O problema é que a Vale entrou na disputa pela Inco com duas outras concorrentes de peso, a canadense Teck Cominco e a americana Phelps Dodge. A Teck Cominco ofereceu US$ 17,7 bilhões, dos quais 50% seriam pagos em dinheiro e 50%, em ações. Como a proposta da Vale contempla 100% do pagamento em dinheiro e a empresa canadense não conseguiu financiamento para melhorar a sua oferta, acabou saindo do páreo.

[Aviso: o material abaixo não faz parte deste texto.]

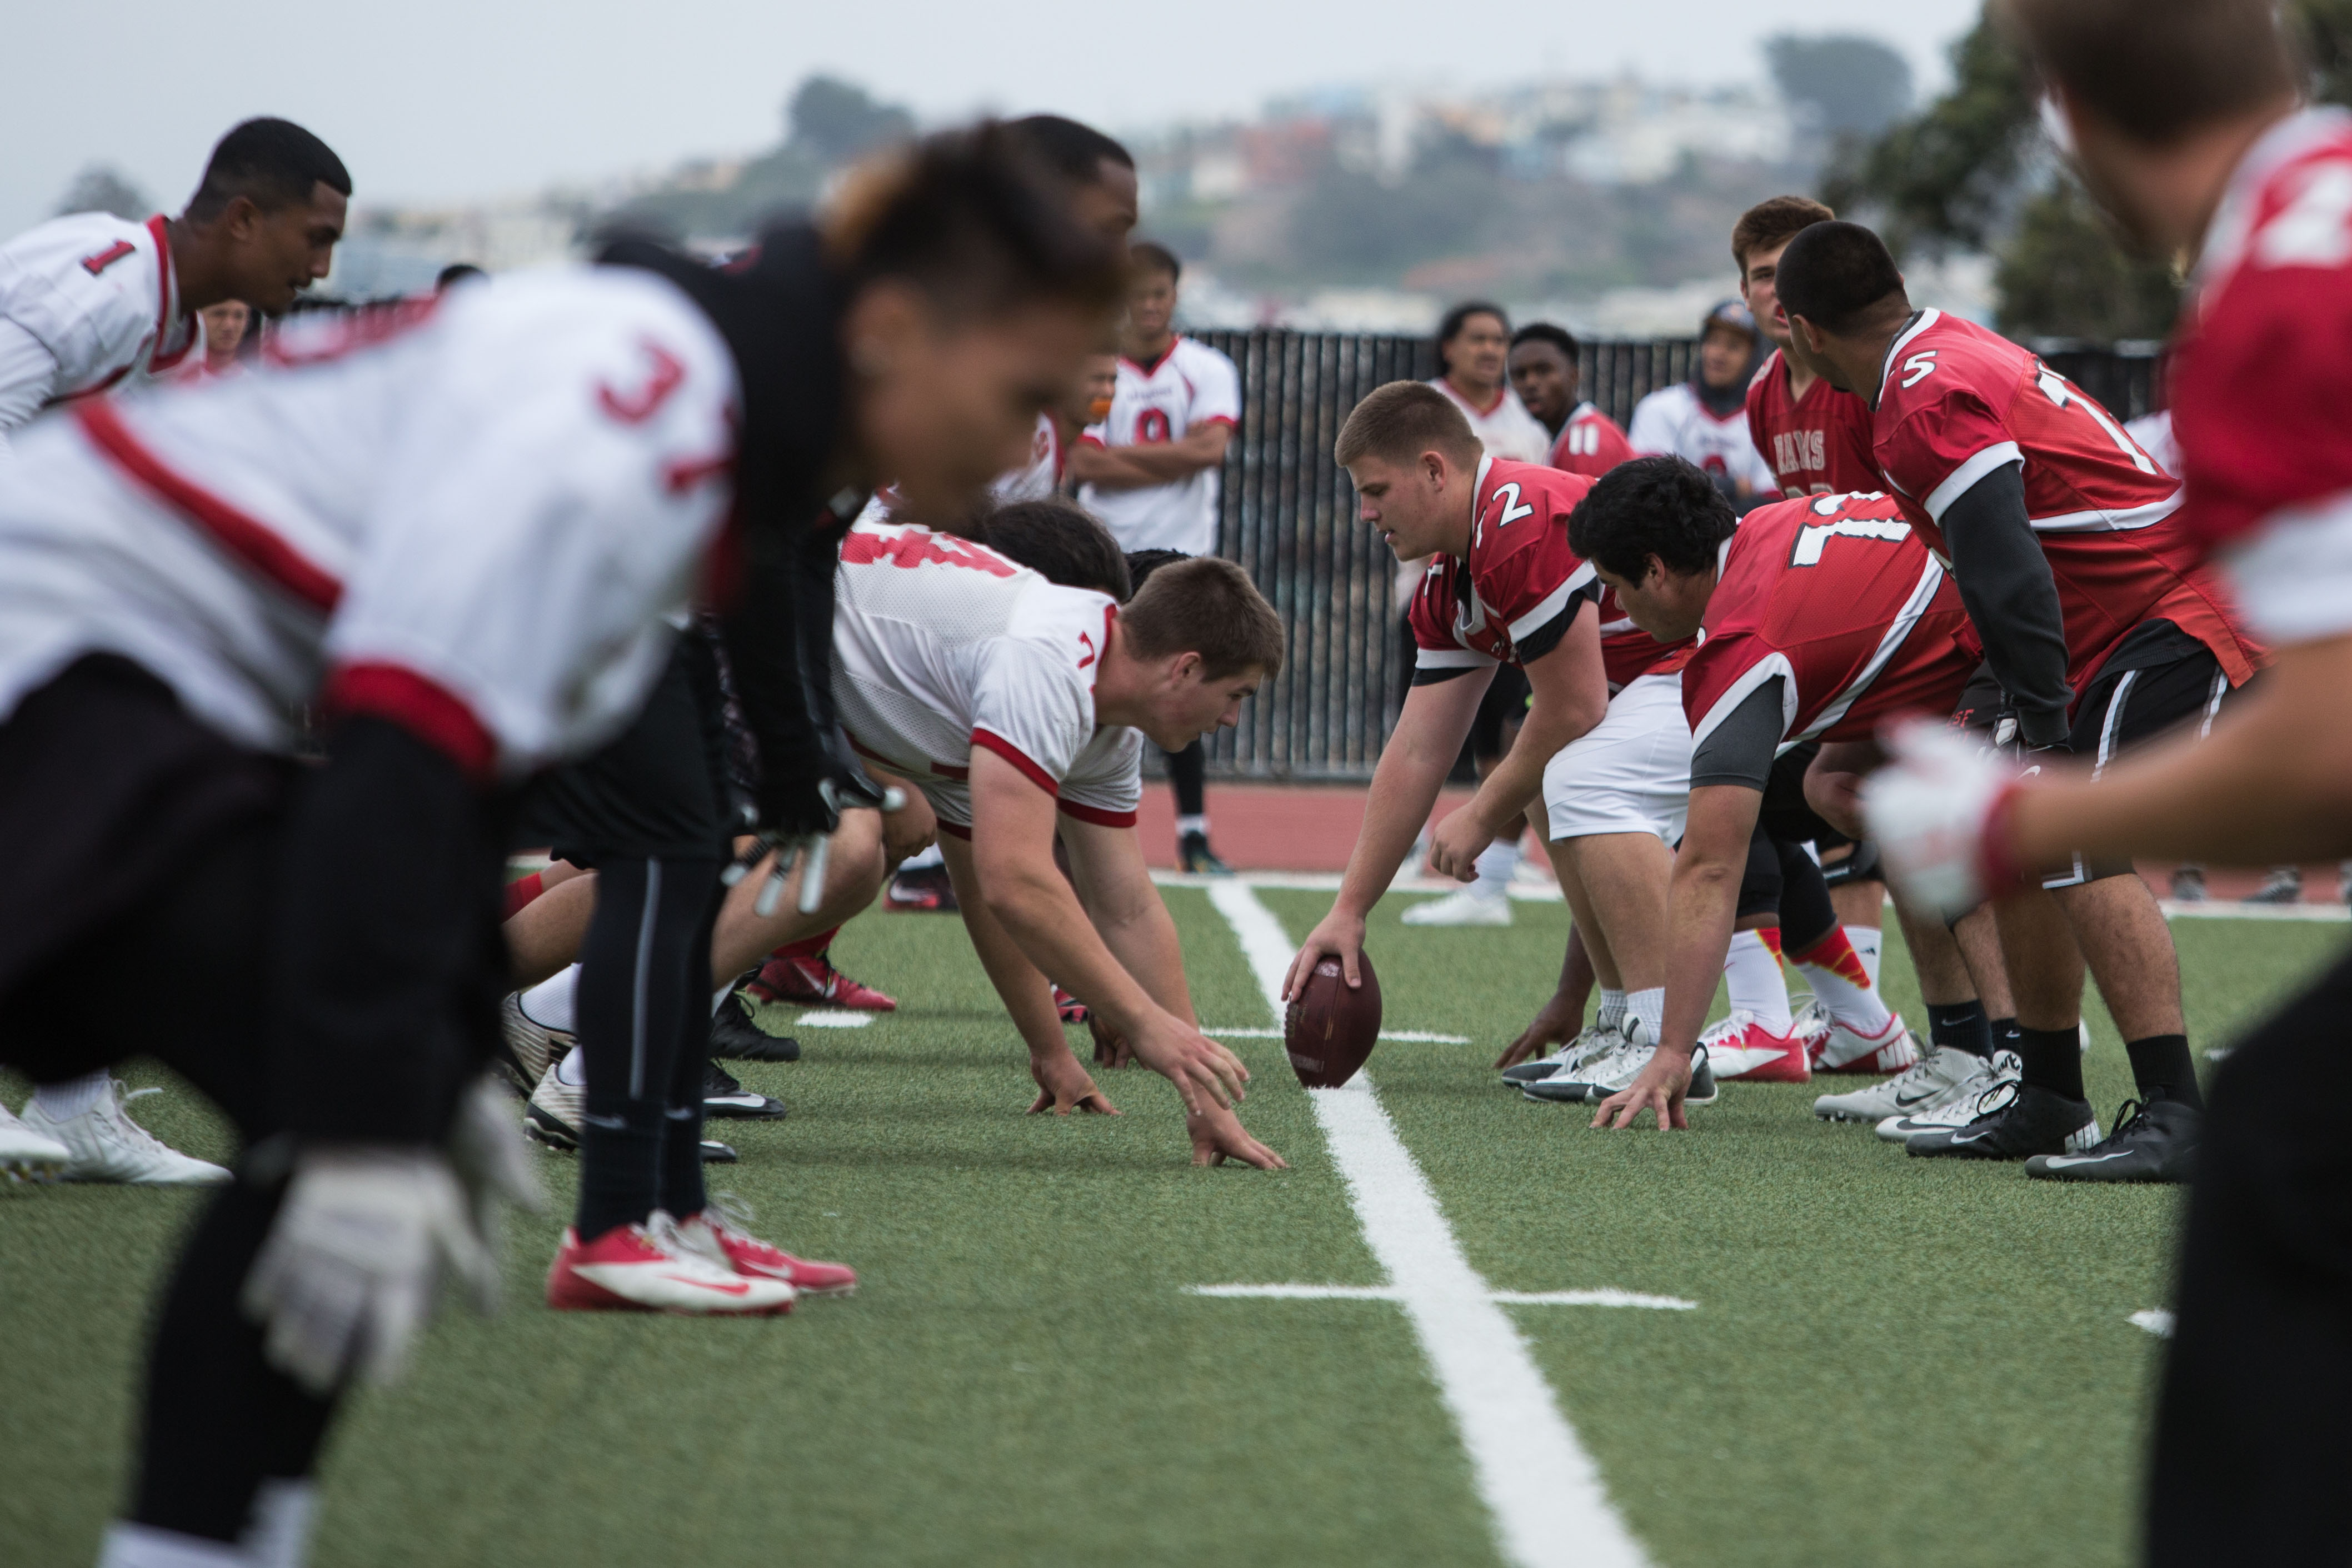 The Rams practice for their upcoming football season at rams stadium on August 10. (Photo by Khaled Sayed)
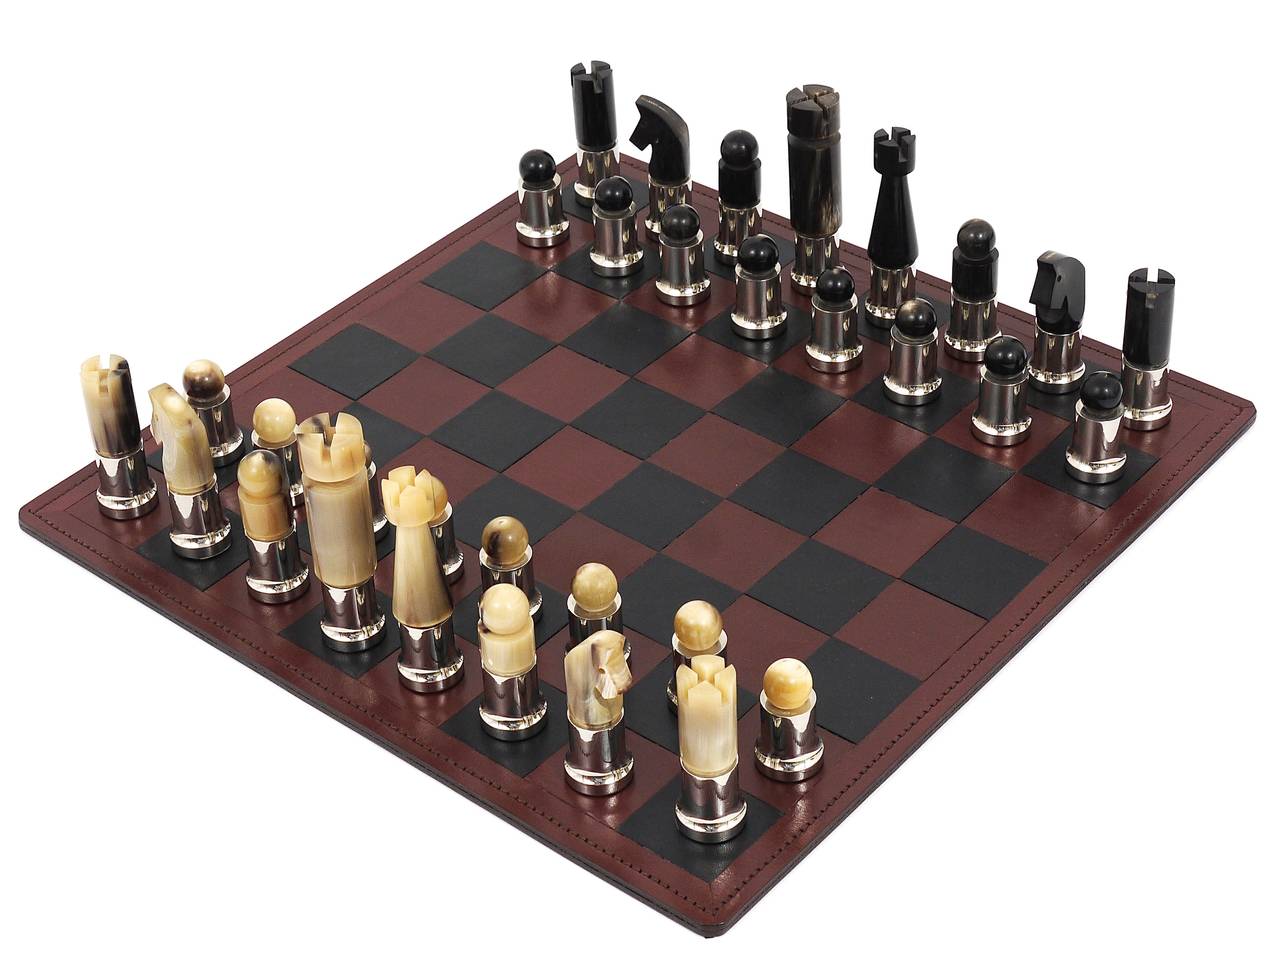 Very exceptional and beautiful Austrian chess game/chess men, designed and executed in the early 1970s by Austrian Modernist Carl Auböck. Discontinued vintage chess game, made of light and dark cow Horn and nickel-plated metal. Comes with

Na quarta-feira 16, Roger Agnelli acabara de presidir a reunião do Conselho Empresarial Brasil-China, em São Paulo, quando recebeu a boa notícia. As ações da Vale, que haviam caído quase 5% diante da perspectiva de aumento brutal do endividamento (os US$ 17,7 bilhões serão emprestados por bancos) e de uma guerra de ofertas com a Teck Cominco, voltaram a subir. Ele comemorou com discrição. Os acionistas da Inco ainda têm na mesa a oferta de US$ 15,7 bilhões feita pela Phelps Dodge. É uma proposta pior que a da Vale. Além do valor menor, somente 25% seriam pagos em dinheiro. Mas, como as negociações ainda estão abertas, tudo é possível. “Estamos tranqüilos, serenos e seguros”, diz Agnelli. “É um jogo de paciência.” Paciência e, claro, muitos bilhões de dólares para investir.